An image of the past came to his mind before disappearing. If there hadn't been those novels or the Han Soongyun who wrote those stories for him, perhaps he wouldn't be in this world right now. Those stories were the only comfort to the Kim Dokja who didn't have a mother or a father.

His mother muttered, ["Those were at most a fantasy novel..."]

"In the end, I survived thanks to that novel."

They were silent for a moment.

There was a hint of sorrow in his mother's voice. Kim Dokja had no way of knowing if it was acting or not.

She asked, ["Are you still holding a grudge against me?"]

"I'm not here to talk about that."

["Your father was the bad guy."]

"I know."

There were certainly 'bad people' in this world. One type used violence against their wives, illegally gambled and threatened their family's livelihood.
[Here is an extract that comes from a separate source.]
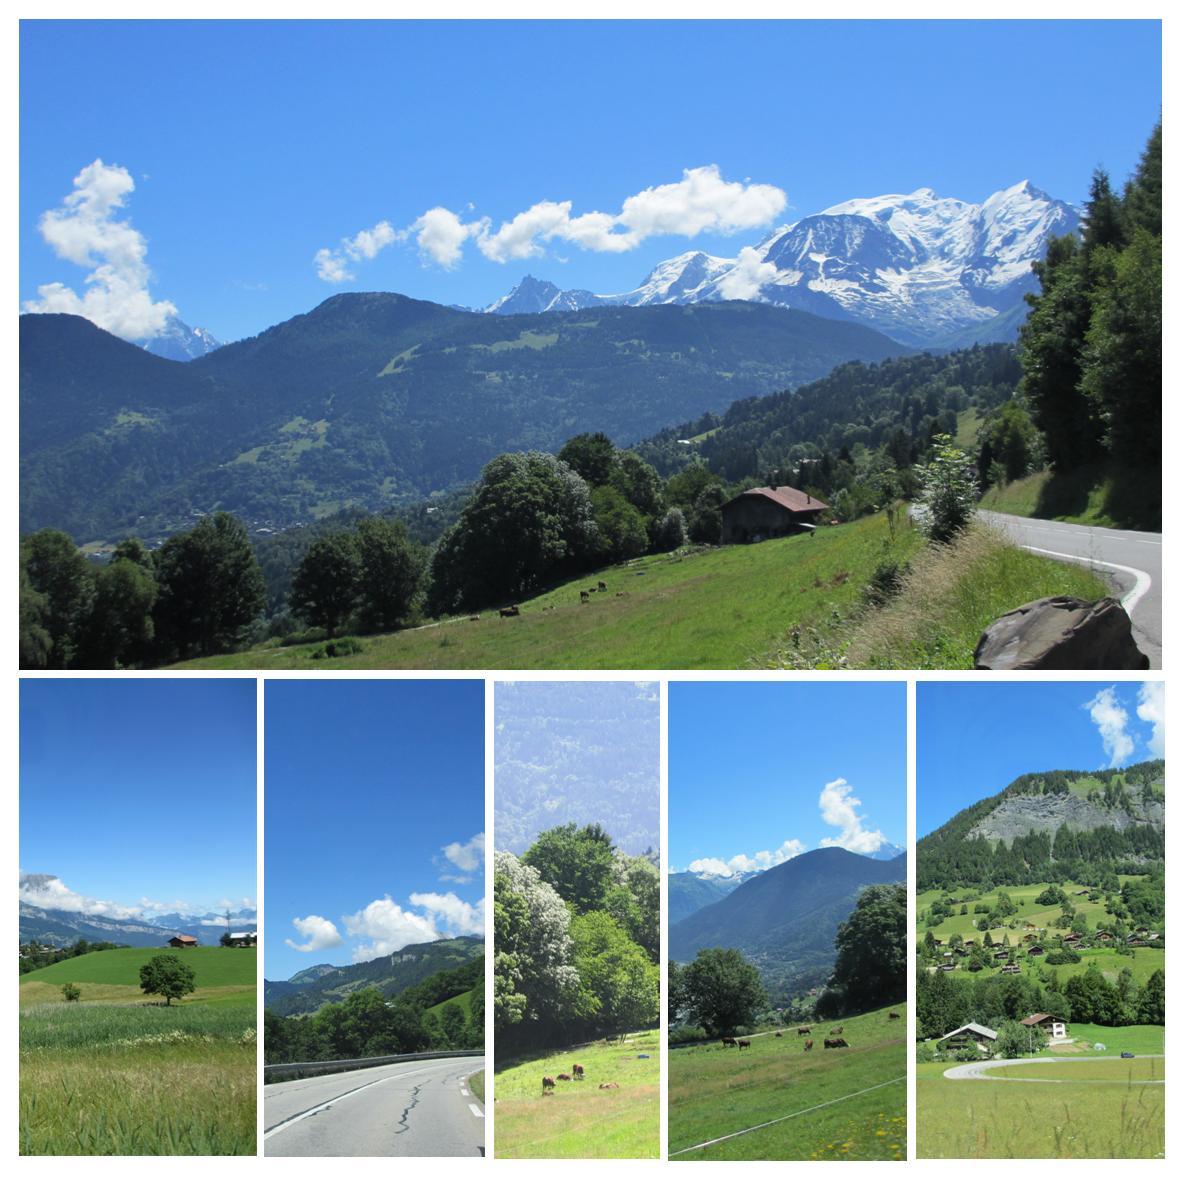 Bilferie franske alper - mont blanc
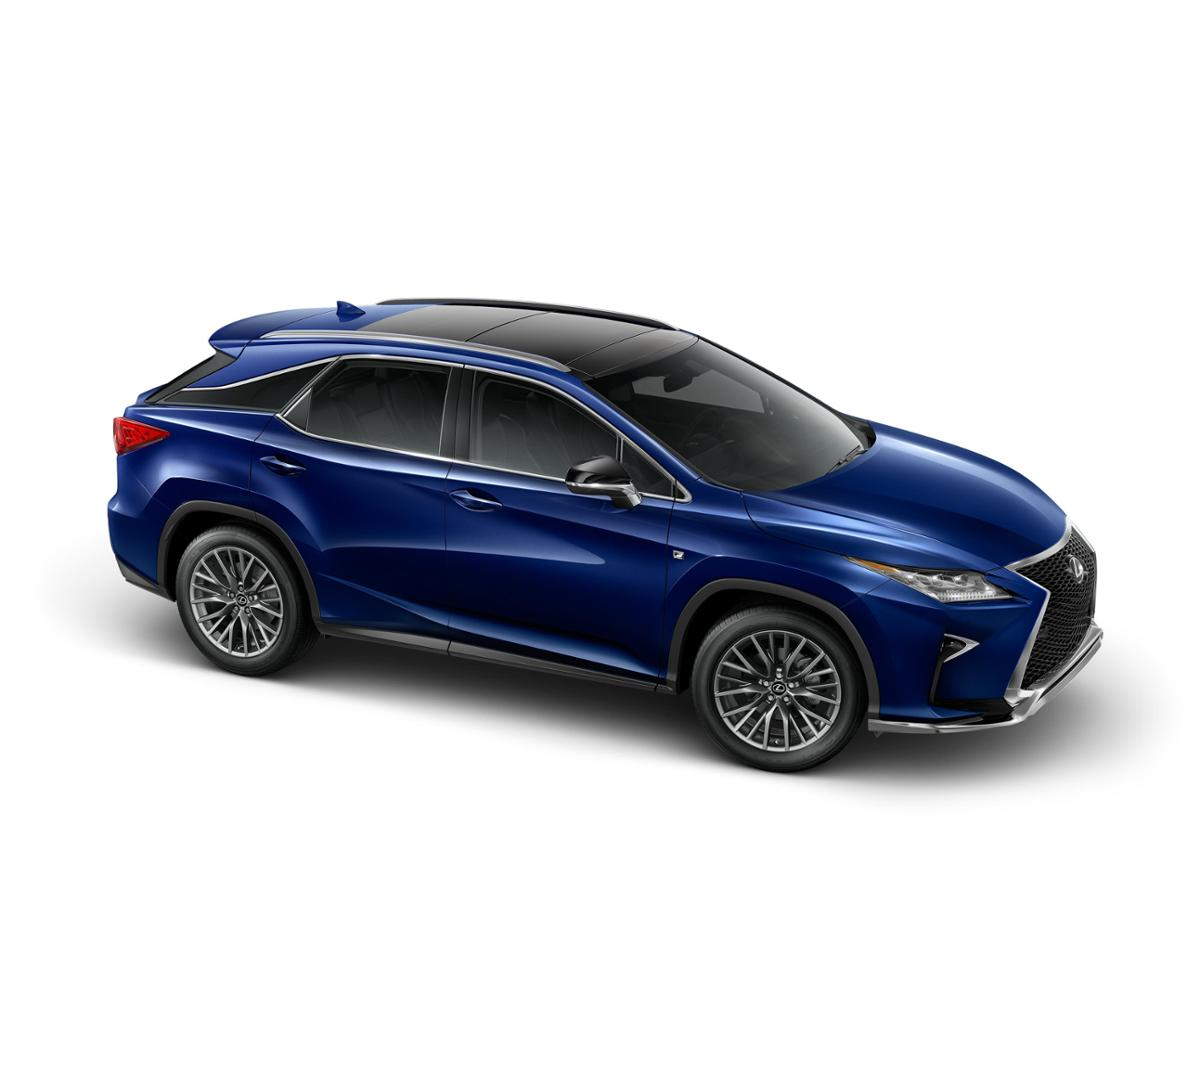 2017 Lexus Rx 350 Lexus Of Omaha R10566a

Kim Dokja's father was a bad person. He knew it, his mother knew it and South Korea's laws said it. However...

"Your actions weren't right just because my father was a bad person."

["There are things we have to sacrifice for a better life."]

"There is no such law in South Korea. There is a law that any human who commits murder should go to prison."

["You are good at speaking because you only read novels."]

"For me, reality was more like a novel. Because of you."

At this point, it already wasn't a normal conversation between mother and son. This was why Kim Dokja didn't want to talk to her. He knew what would happen when they talked. They knew too much about how to hurt each other.

Kim Dokja's mother was the best at making bad people worse.

["Dokja. Look straight at reality. Even if fiction becomes reality, you shouldn't think of fiction as reality."]

He only heard a few words but his entire world seemed to shake violently. He knew for sure. To this, this person was the strongest reminder of the 'reality' Kim Dokja hated.

["Do you understand?"]

Kim Dokja couldn't bear it anymore and spoke up. "That's right. I think that fiction is like reality. Why? It is because I have always been living that way."

["..."]

"Maybe it seems pathetic to you. However, know this. At least I didn't sell 'reality as fiction' like you did."

"Don't call me anymore."

He hung up the call with these last words. Cool air entered his coat's collar and reached his body.

It was just a memory he wanted to forget.